Mom must have been reading my thoughts. “Maybe you could have another dog, Mark. Your grandfather’s got a little back yard.” I recognize bribery when I hear it.
In our other place, before Dad left, I’d had a dog. But there were no pets allowed in this apartment, so when Mom and I had moved here, I’d left Chelsea behind with my best friend, David.
Leaving Chelsea had been the worst part about moving two years ago. I knew, even though I was just a little kid, that Mom was hurting over the separation, and I was feeling mad at my dad. I’d have gone anywhere if I’d thought it could make my mom happy.
But things were different now. Mom liked her work, I had Jason and Travis to hang around with, and I had my own after-school job. I was even on better terms with Dad, ‘though I didn’t see much of him now that he’d moved away from the city.
I couldn’t ever have Chelsea back. She’d been hit by a car last summer, and when David called to tell me, I hadn’t even recognized my old friend’s voice.
I went to bed feeling mean inside about Grandpa. It didn’t feel good. Why did things have to be this way? My great-grandfather on my father’s side was 90 and still driving his own car. And my Grandma Joyce, my father’s mother, had started university after she was 65.

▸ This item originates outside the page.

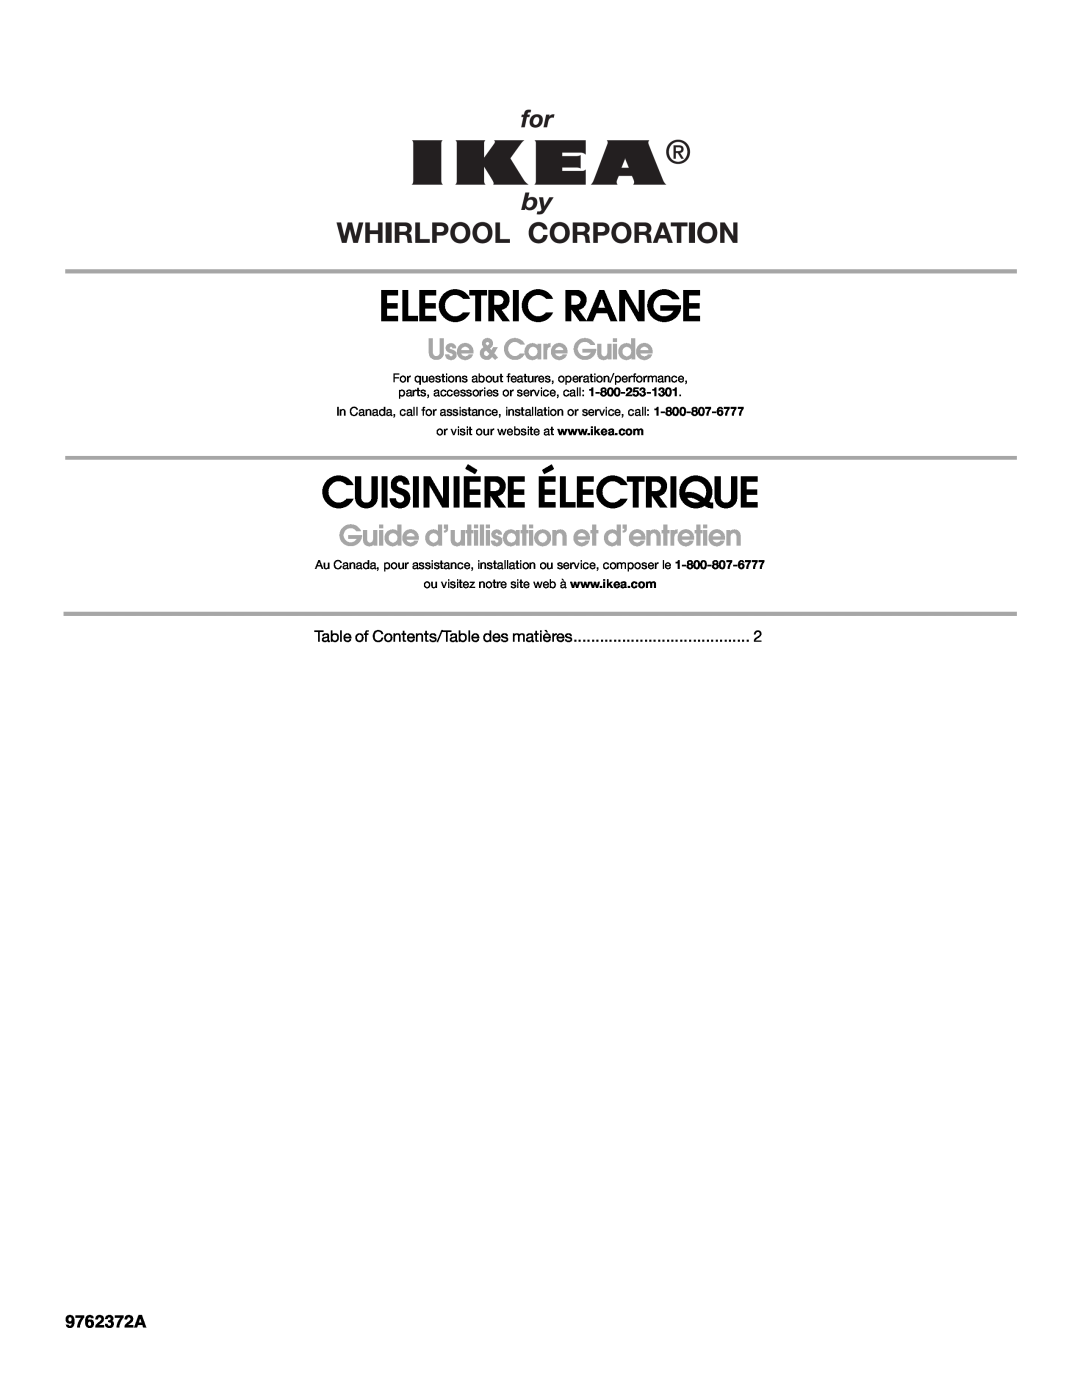 Whirlpool YIES366RS1 manual 9762372A, Electric Range, Cuisinière Électrique, Use & Care Guide

It didn’t seem so long ago that my Grandpa Luigi had been just as normal as everyone else. It had started with his being a little forgetful. Now he couldn’t remember if he’d already done something simple. Like getting dressed. We found him wearing two pairs of pants one day. He’d forgotten he’d put on the underneath pair.
It had been kind of funny at first. Mom stuck little reminders around his house for a while, so that Grandpa’d know to turn off the stove and put things back in the fridge. The worst part was when he’d cry. That’s what he did sometimes when he didn’t get things right. I think inside his head he knew what he wanted to say, but sometimes the words came out all wrong. That was my theory, anyway. I was glad my grandmother couldn’t see the way her Luigi was now.
Grandpa had run a fruit and vegetable business in this city until he retired. For years, he’d left his house before the sun was up. Every morning, he’d gone downtown to the big market to buy produce from the growers who trucked it in from outside the city.
Then he’d gone back to his store in time to open up. Every day the same thing, long hard hours of work, but he usedto say he could never do anything else. Back home in Italy, his ancestors had run the same type of business.
It seemed like hours that I tossed from one side to the other that night, the bed sheets underneath me getting twisted and digging tracks into my back. I knew that, although my grandfather didn’t act much like the person I used to love to visit when my grandmother was alive, he was the same person underneath. That was what Alzheimer’s disease did.
In the morning, I could tell by the worn look on her face that Mom hadn’t slept well either. The phone rang and she talked softly to someone on the other end. When she hung up she told me that a friend of hers had agreed to take over our apartment if we decided to go. “That would let us out of the lease, Mark.” As if that were the only problem.